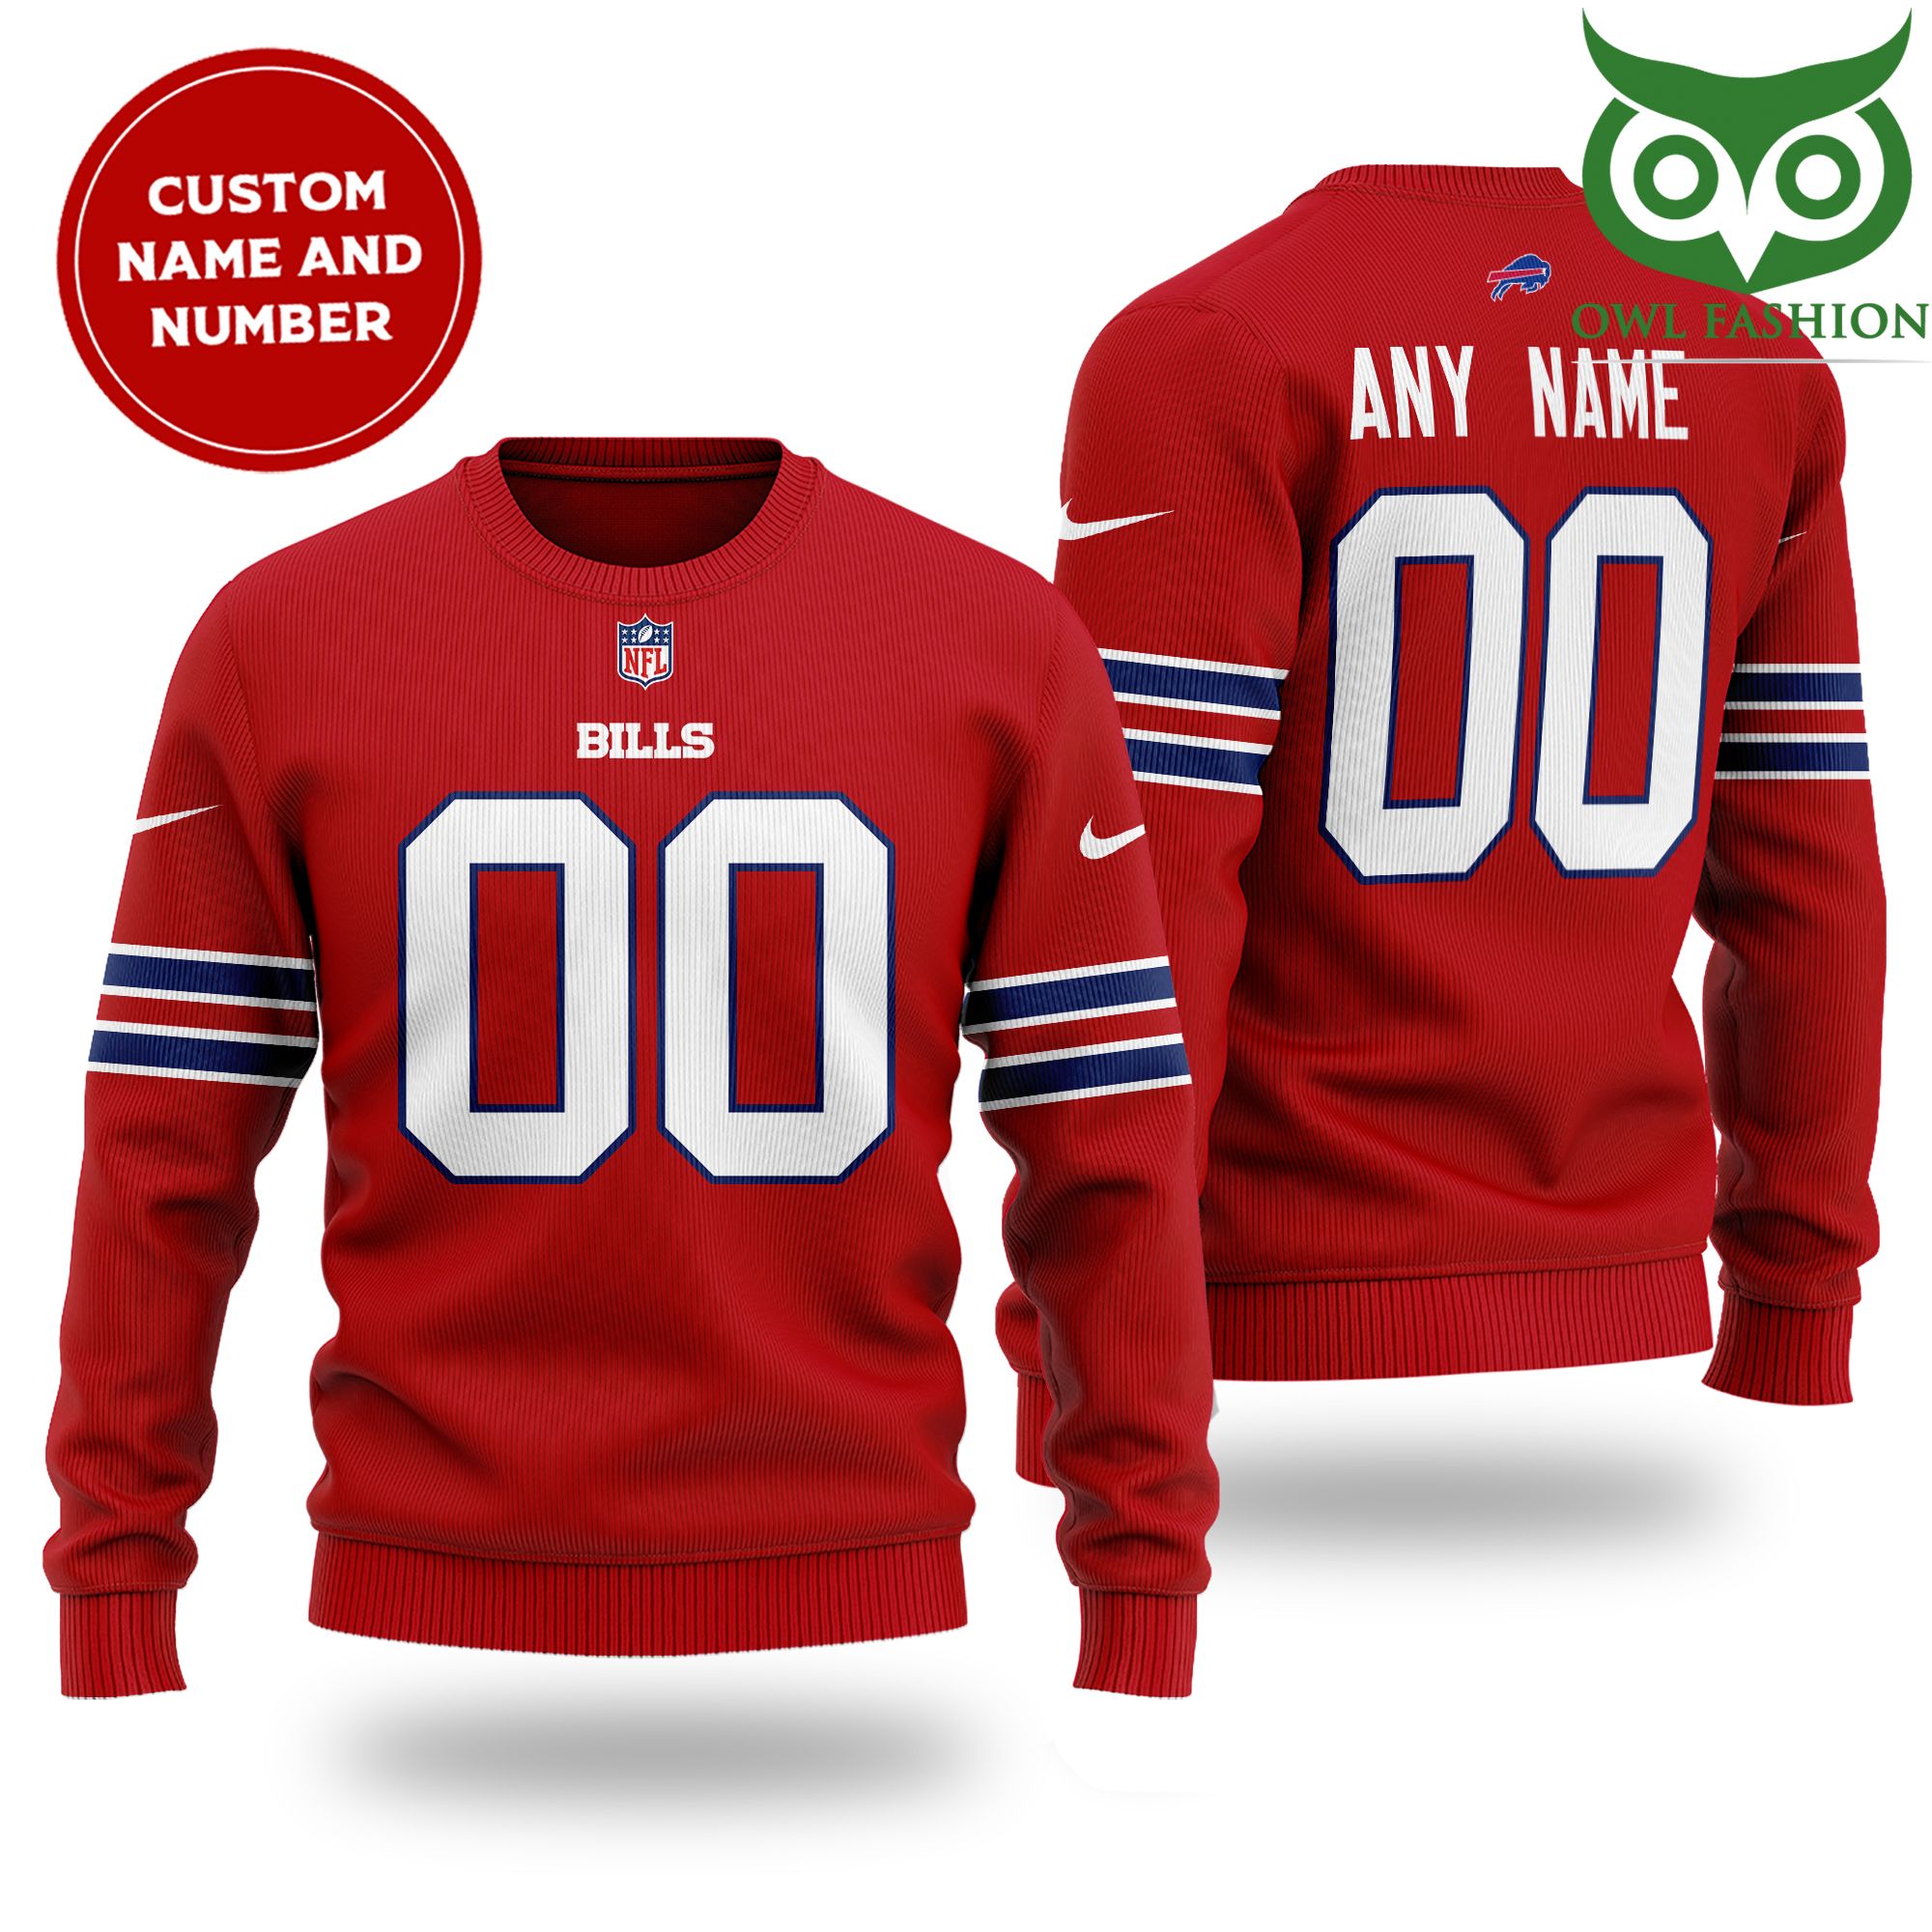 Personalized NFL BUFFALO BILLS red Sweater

####

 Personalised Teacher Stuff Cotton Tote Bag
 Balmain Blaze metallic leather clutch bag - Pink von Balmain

####

> WHAT YOU SHOULD DO:
Copy range, inclusive: the line holding "Personalised Teacher Stuff Cotton Tote Bag" to the line holding "Balmain Blaze metallic". Reproduce exactly those lines of the records above and no others.

> TASK SOLUTION:
 Personalised Teacher Stuff Cotton Tote Bag
 Balmain Blaze metallic leather clutch bag - Pink von Balmain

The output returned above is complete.